Restate the whole of the data below word for word, skipping the images.

§ Recorded data:
# # # # #

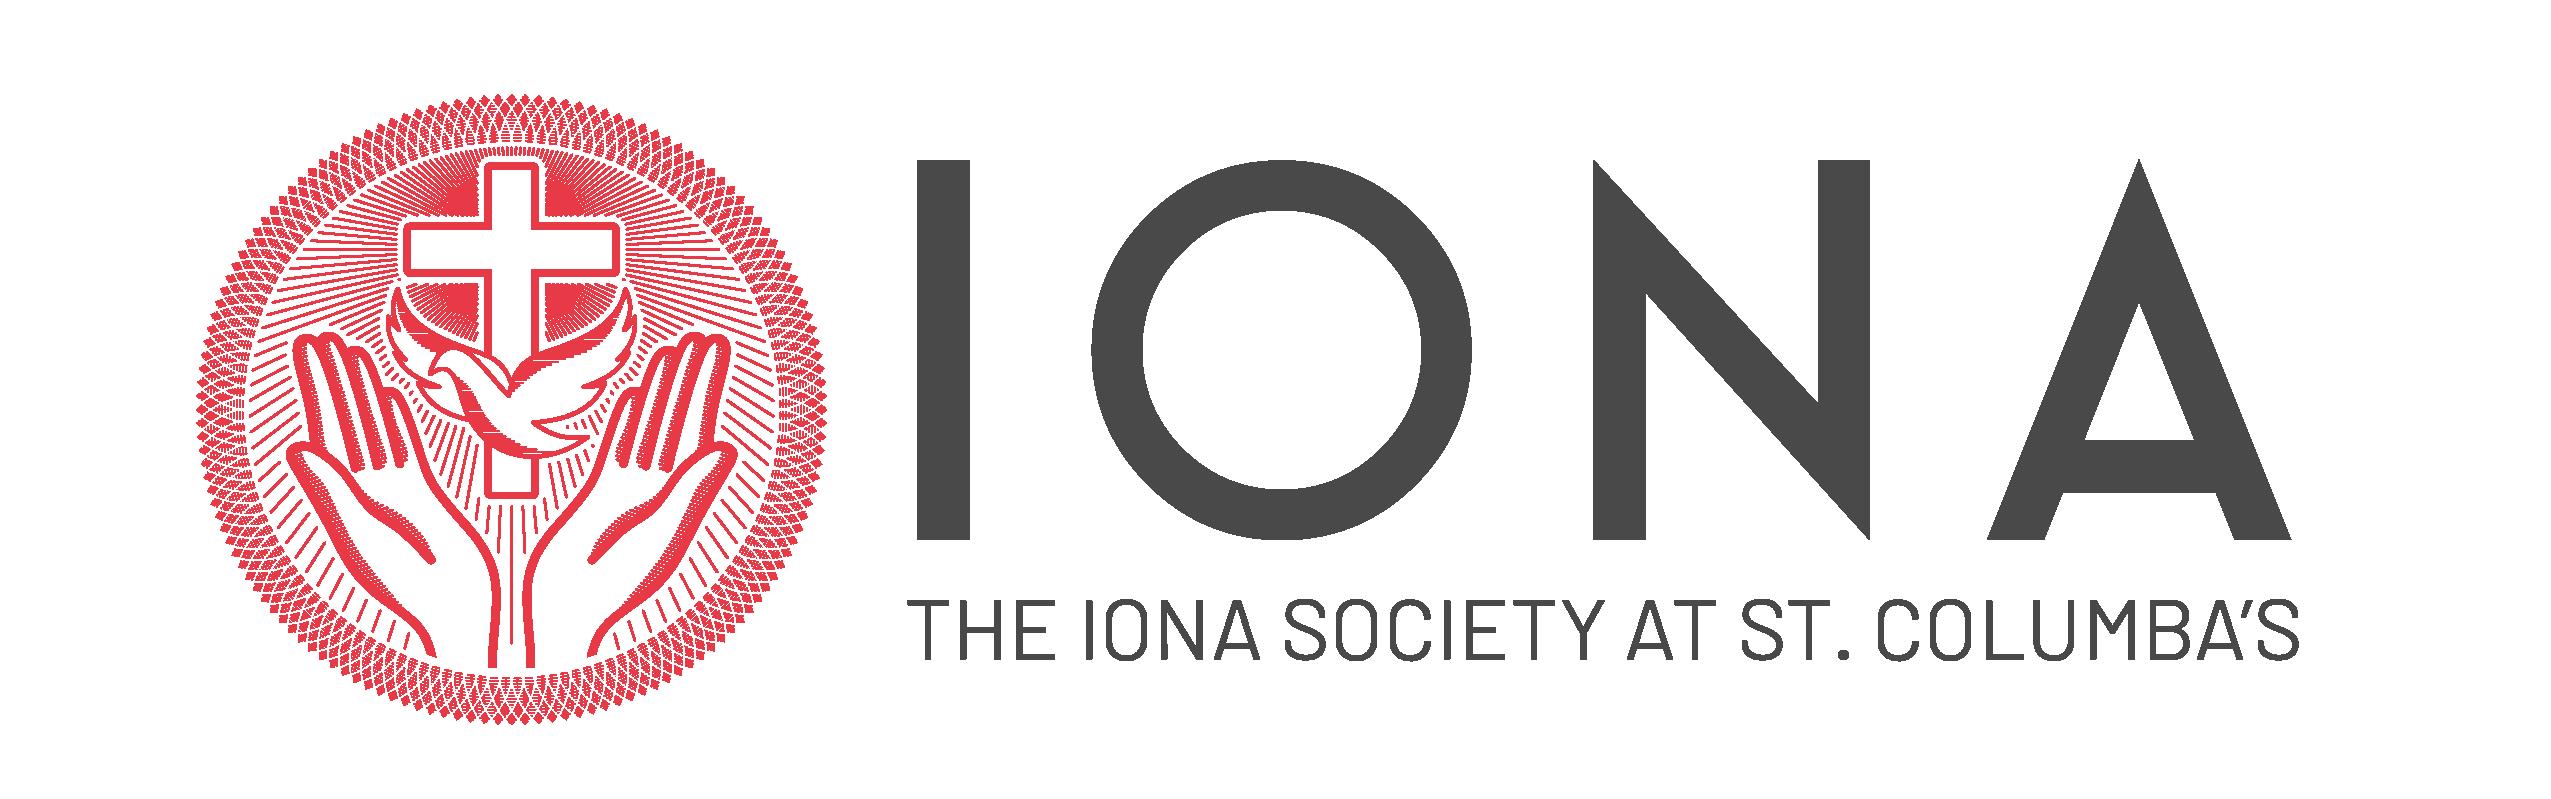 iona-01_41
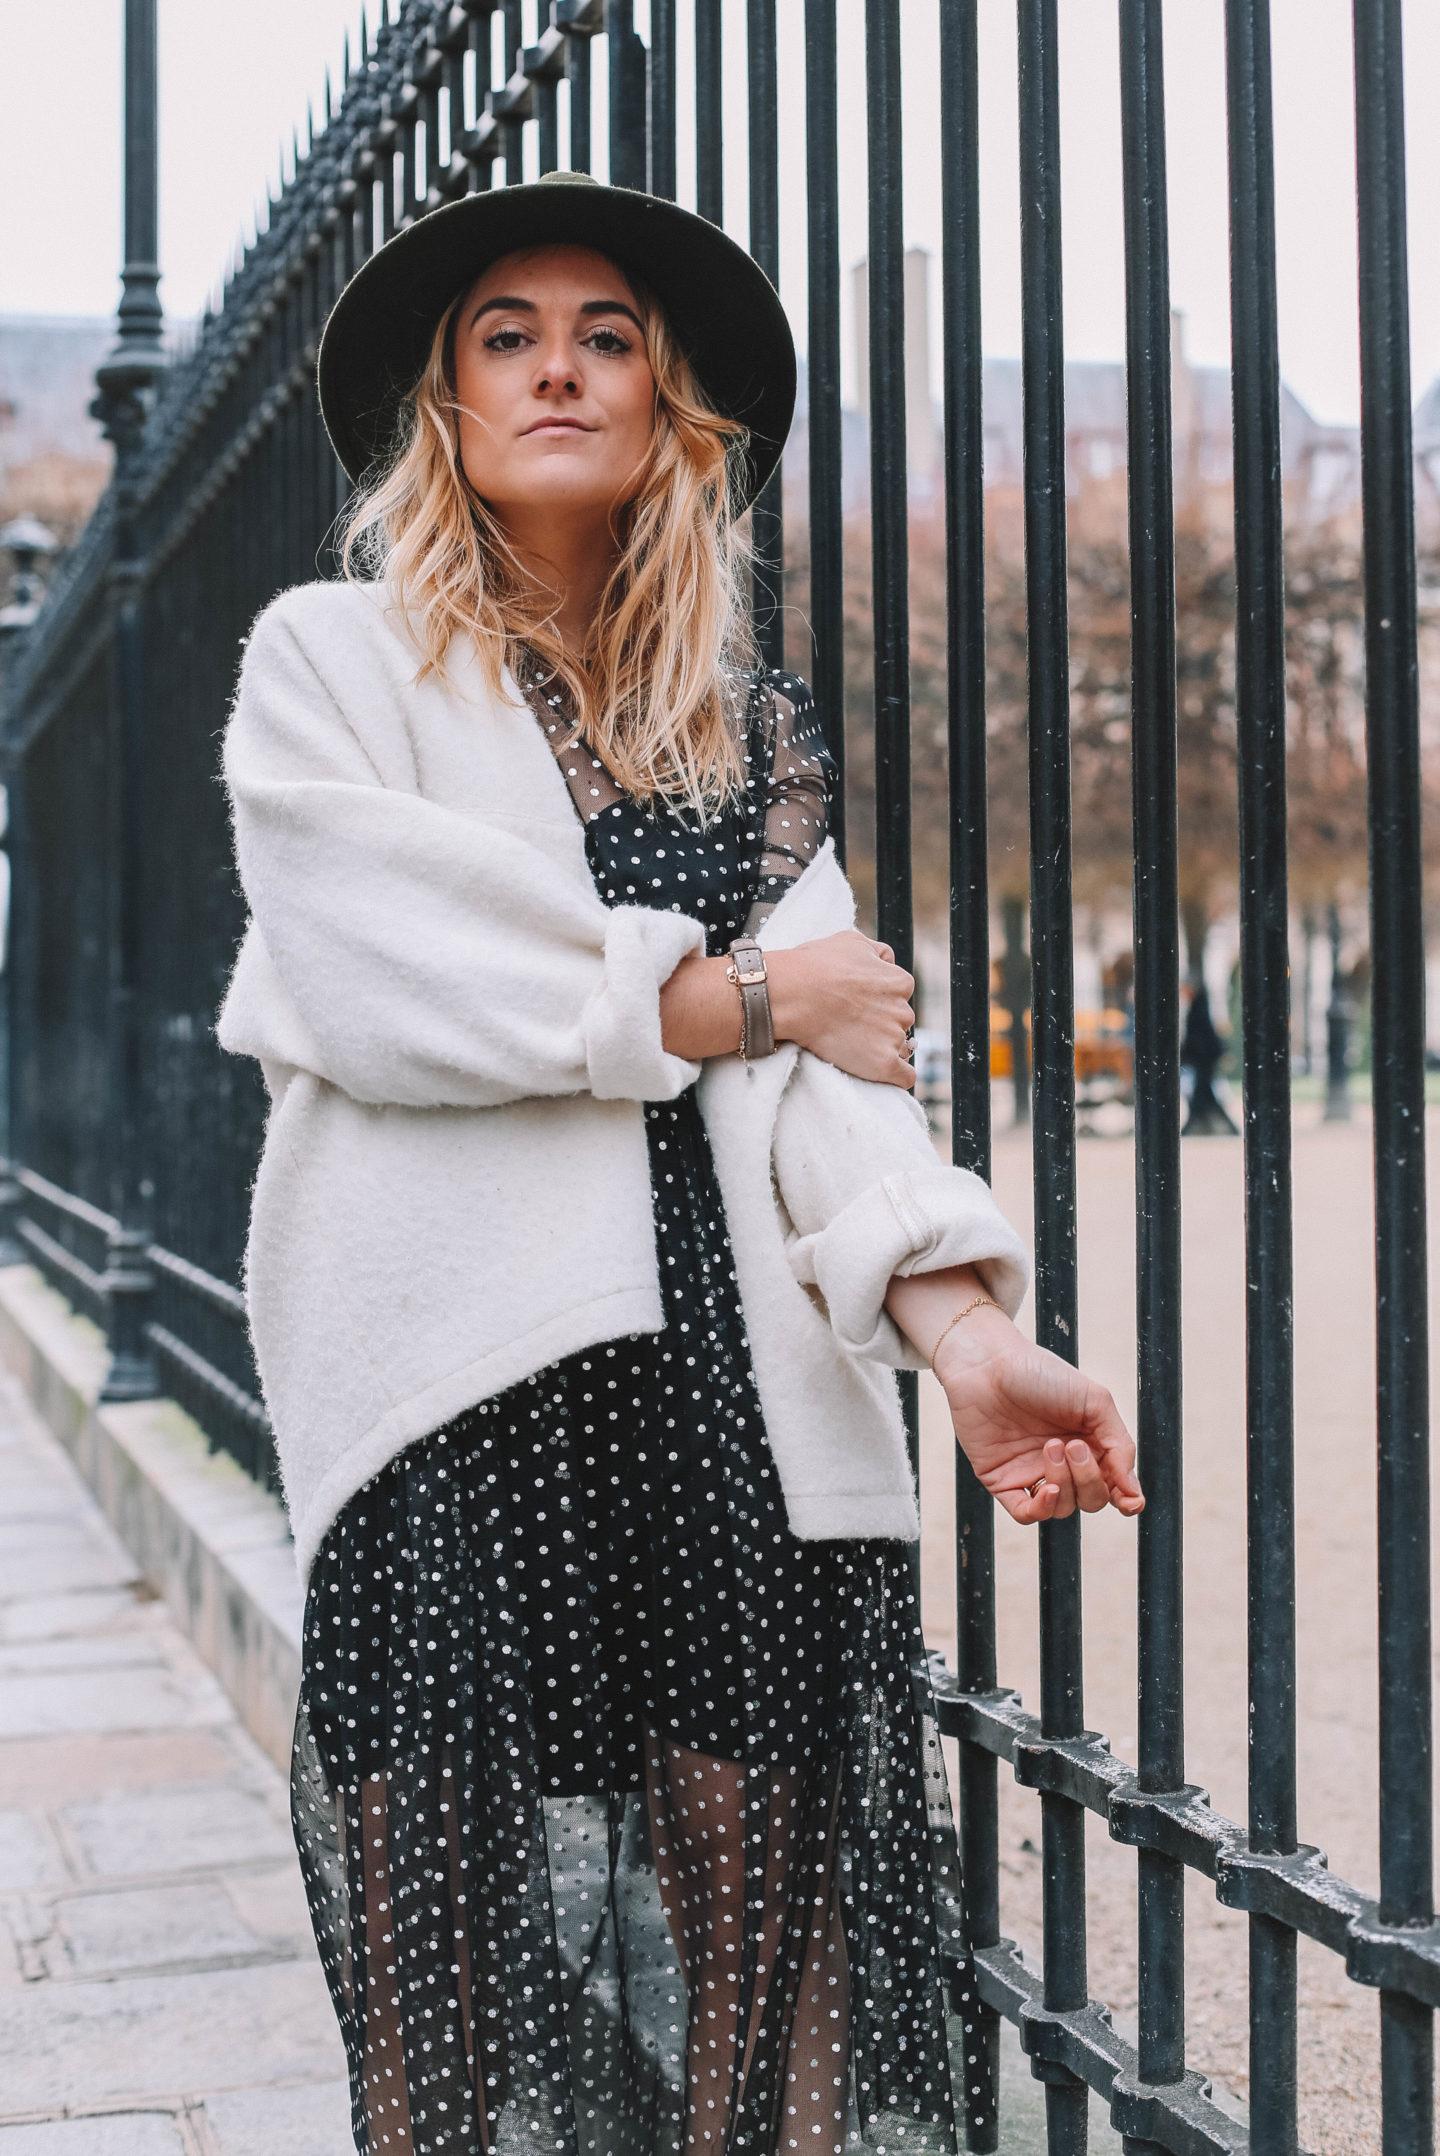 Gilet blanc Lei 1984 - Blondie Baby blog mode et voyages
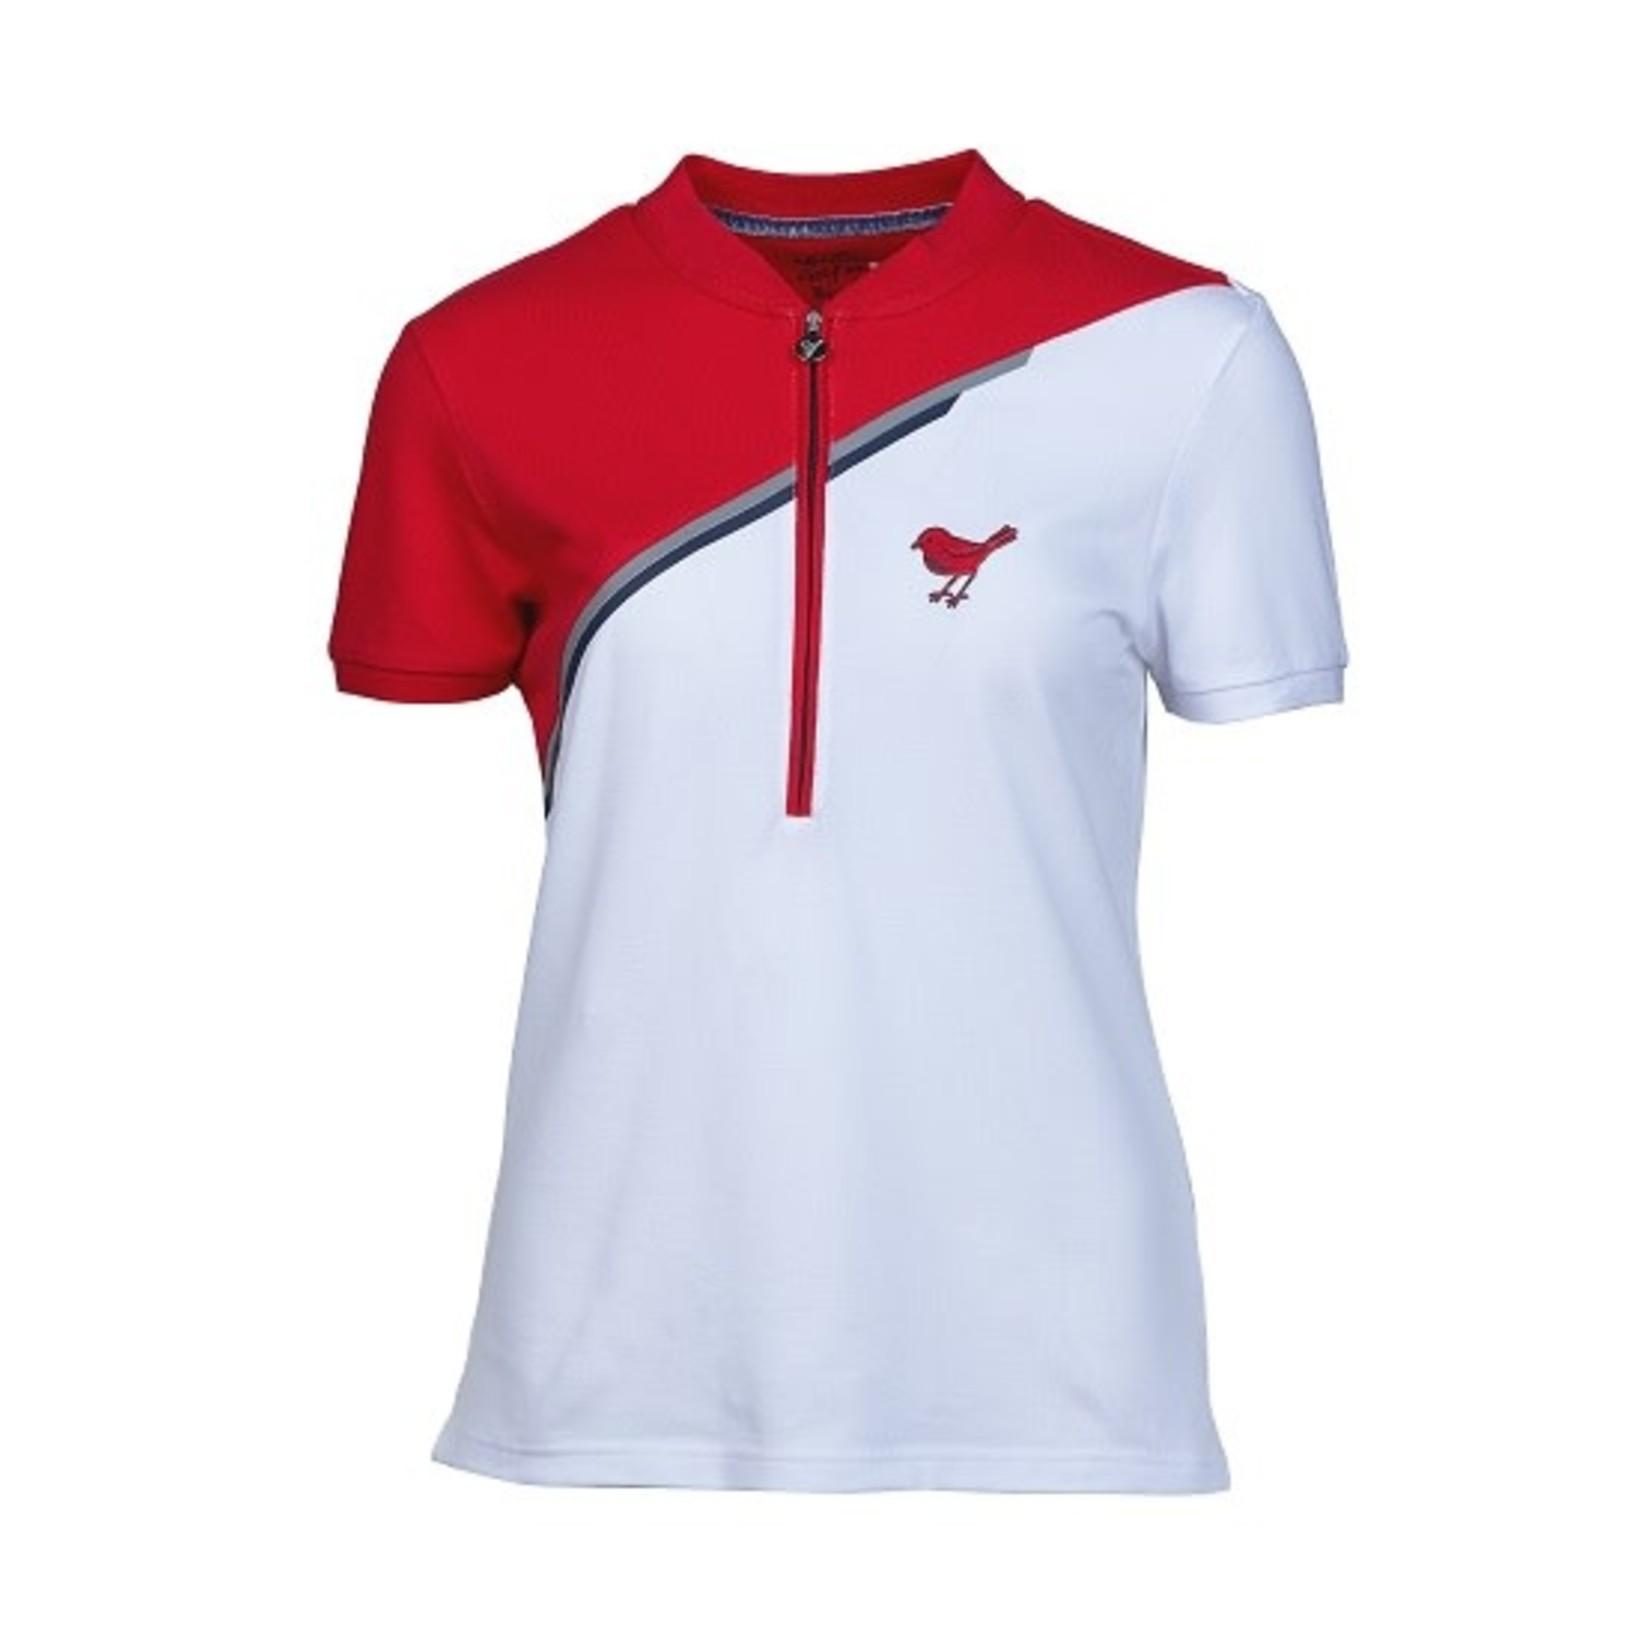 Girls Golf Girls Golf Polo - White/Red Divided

# # # # #

§ Solution below:
 iona-01_41
 Gilet blanc Lei 1984 - Blondie Baby blog mode et voyages
 Girls Golf Girls Golf Polo - White/Red Divided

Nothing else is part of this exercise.